Mozilla staff insist on removing referer warnings from docs - marichards
https://developer.mozilla.org/en-US/docs/Web/HTML/Element/a$compare?locale=en-US&to=1419235&from=1419041
======
marichards
I'm tired of complaining to companies about microtargeting on their websites
or security failings like leaking reset passwords. There's a serious knowledge
gap between how businesses think the web works and how it actually does and
referer is a serious problem. Mozilla seem to want to teach people how to
write bad websites first that adopt anchor or image tags without explaining
what the referer does, only to leave it as a note later in the page that they
need to read up elsewhere to find out about it.
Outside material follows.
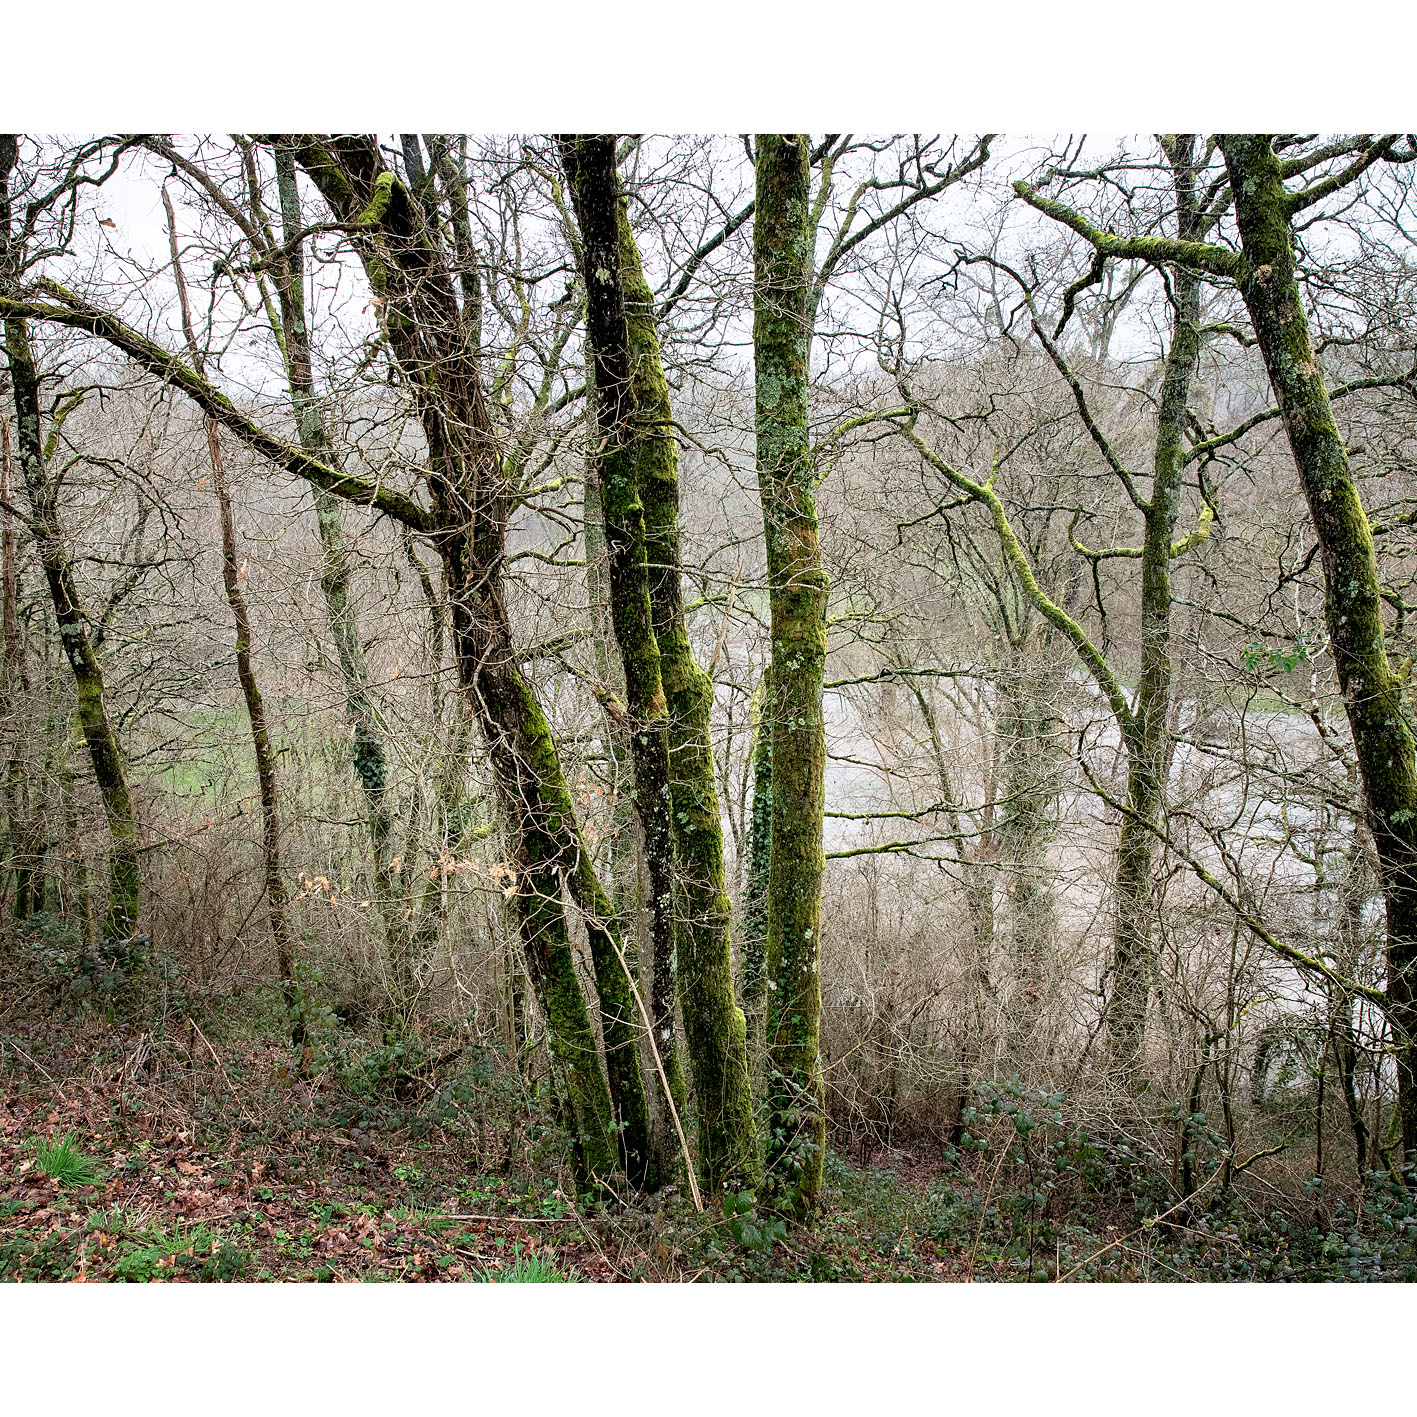 La forêt de Fabrice Hyber au coeur du bocage Vendéen. Le terrain est valonné, en contre bas coule la Doulaye.

Essentially, Firefox (and
other browsers) aren't designed for privacy and I wouldn't mind that so much
if they could be open and upfront in teaching developers that problem... The
world is full of flaws and sometimes we need "wet floor" signs before we take
a step, not afterwards. Can someone else take it from here.

------
marichards
Sadly, they removed this too. [https://developer.mozilla.org/en-
US/docs/Web/HTML/Element/im...](https://developer.mozilla.org/en-
US/docs/Web/HTML/Element/img$compare?locale=en-US&to=1419222&from=1419039)

To whoever restored the anchor element doc, thanks, I hope it stays there or
they suggest a better alternative.